Segundo documento visto pela Reuters, a América já está em processo de mediação com credores, incluindo grandes grupos do setor elétrico, como Comerc, da Vibra, Eneva, Enel, EDP, Auren e Cemig.
No pedido formulado à Justiça, o grupo de energia pede um "stay period" de 60 dias, para suspender temporariamente a exigibilidade de créditos, além de que se reconheça a "impossibilidade e ilegalidade de medidas judiciais ou extrajudiciais executivas, constritivas e expropriatórias... que importe em pagamento ou amortização de créditos de credores sujeitos à mediação".
Segundo a empresa, que atua também na geração de energia, a urgência da medida decorre de "execuções judiciais em valor relevante", em processos ajuizados por empresas como EDP Trading Comercialização de Energia, Eneva e Safira Administração e Comercialização.
Não ficou imediatamente claro o tamanho da dívida envolvida no processo.
Procurada, a América disse à Reuters que o objetivo da cautelar é "garantir a continuidade de suas atividades empresariais, enquanto se estrutura uma solução negociada com os credores, bem como a venda de ativos de geração, de modo a preservar a paridade e a eficácia das negociações".
"A comercializadora reitera seu compromisso com a superação da atual crise e confia que, com a mediação, a renegociação e a venda de ativos de geração para injeção de capital, encontrará uma solução adequada para o seu endividamento", diz a nota da empresa.
A América afirmou que "continua com suas operações ativas e manterá o mercado e seus stakeholders informados sobre o desenvolvimento das tratativas".
A EDP disse que não comenta ações em andamento. Cemig, Eneva e Auren também afirmaram que não iriam comentar o tema. Enel e Safira não retornaram imediatamente a pedido de posicionamento.
Os rumores sobre uma piora da situação da América surgiram nesta semana, com informações de que a empresa teria notificado a Comerc sobre rescisão contratual.
A Comerc afirmou que sua exposição à América "é bastante reduzida, inferior a R$3 milhões, sem gerar qualquer impacto nas operações, na solidez financeira ou no cumprimento das obrigações da trading".
CASO GOLD
No documento à Justiça, a América afirma que a piora de sua situação tem relação direta com os problemas da comercializadora Gold, que entrou em recuperação extrajudicial neste ano. Segundo a América, o inadimplemento da Gold teria gerado um impacto de cerca de R$75 milhões em seu caixa.

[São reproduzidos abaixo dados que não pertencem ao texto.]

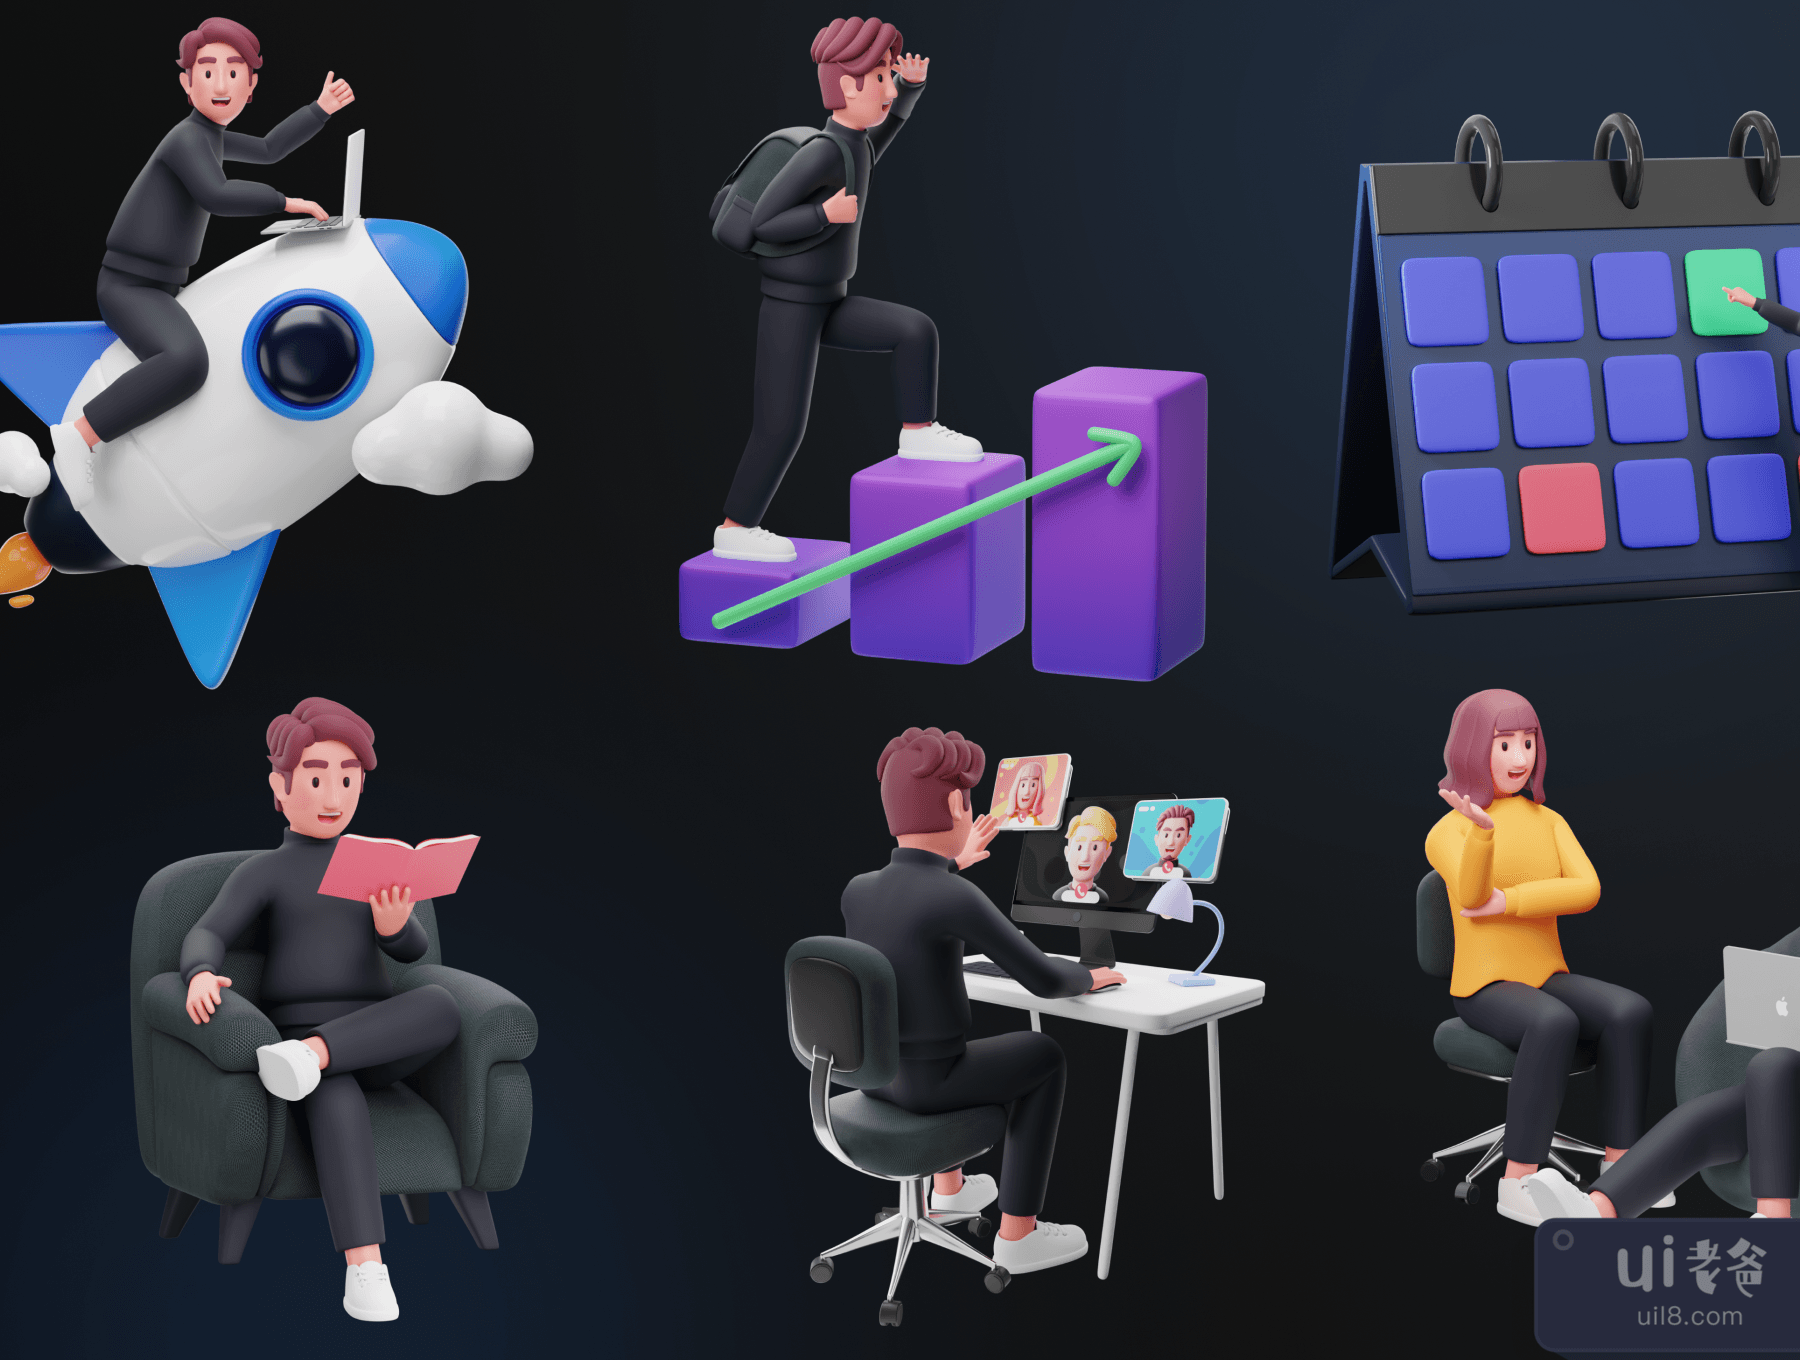 Workly - 创业和工作环境3D人物 (Workly - Startup & Work Environment 3D Character)插图1

Com dívida bilionária, a Gold foi a última grande comercializadora de energia a não honrar com contratos nos mercados livre e regulado, após se alavancar realizando grandes vendas de energia sem ter recursos equivalentes comprados em meio à forte alta de preços spot de energia.

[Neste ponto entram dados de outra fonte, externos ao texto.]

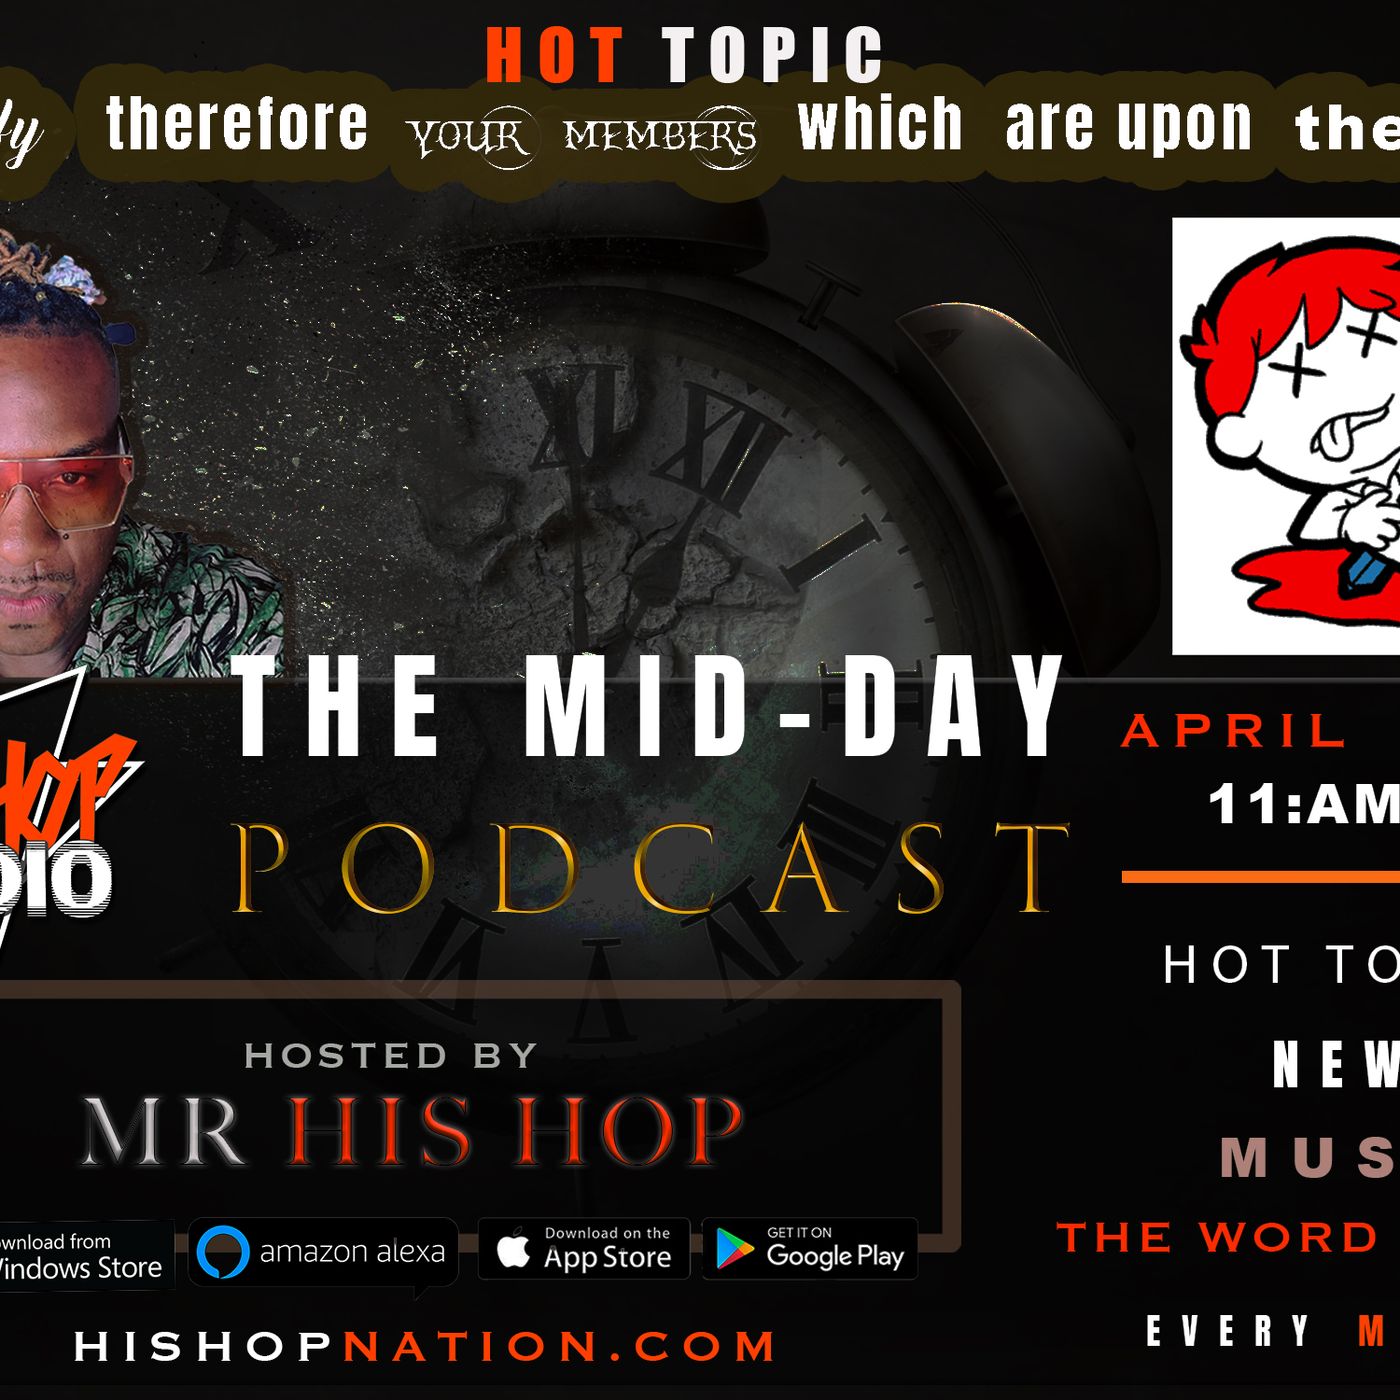 EPISODE 95 - HIS HOP RADIO & PODCAST NETWORK - Mortify therefore your members which are upon the earth

Os problemas da Gold pegaram o mercado de energia de surpresa, já que a casa contava com boa reputação entre os agentes e mantinha negócios com várias grandes empresas.
A gravidade do caso da Gold, que também teve efeitos sobre o mercado regulado de energia, levou a agência reguladora Aneel a aprovar no mês passado a possibilidade de ingressar com uma ação civil pública contra a empresa.
Segundo os diretores da Aneel, há uma preocupação com a atuação imprudente de comercializadoras de energia em momento em que o Brasil avança para a liberalização total do mercado, permitindo que todos os consumidores possam no futuro escolher seu provedor de energia.
Outra comercializadora a enfrentar problemas financeiros e entrar em recuperação judicial neste ano foi a 2W Ecobank, que tinha atuação importante como "varejista", vendendo energia para consumidores de pequeno porte.
Os debates sobre segurança do mercado livre de energia ocorrem há vários anos, com a Câmara de Comercialização de Energia Elétrica (CCEE) tendo avançado com algumas medidas para fortalecer o mercado.
Nesse contexto, agentes ligados principalmente à geração de energia têm apoiado a criação de uma bolsa de energia, com estabelecimento de uma contraparte central, como forma de reduzir os riscos nas negociações e aumentar a liquidez. A principal iniciativa do tipo hoje é liderada pela N5X, que tem como acionista a Nodal, bolsa de derivativos da alemã European Energy Exchange (EEX).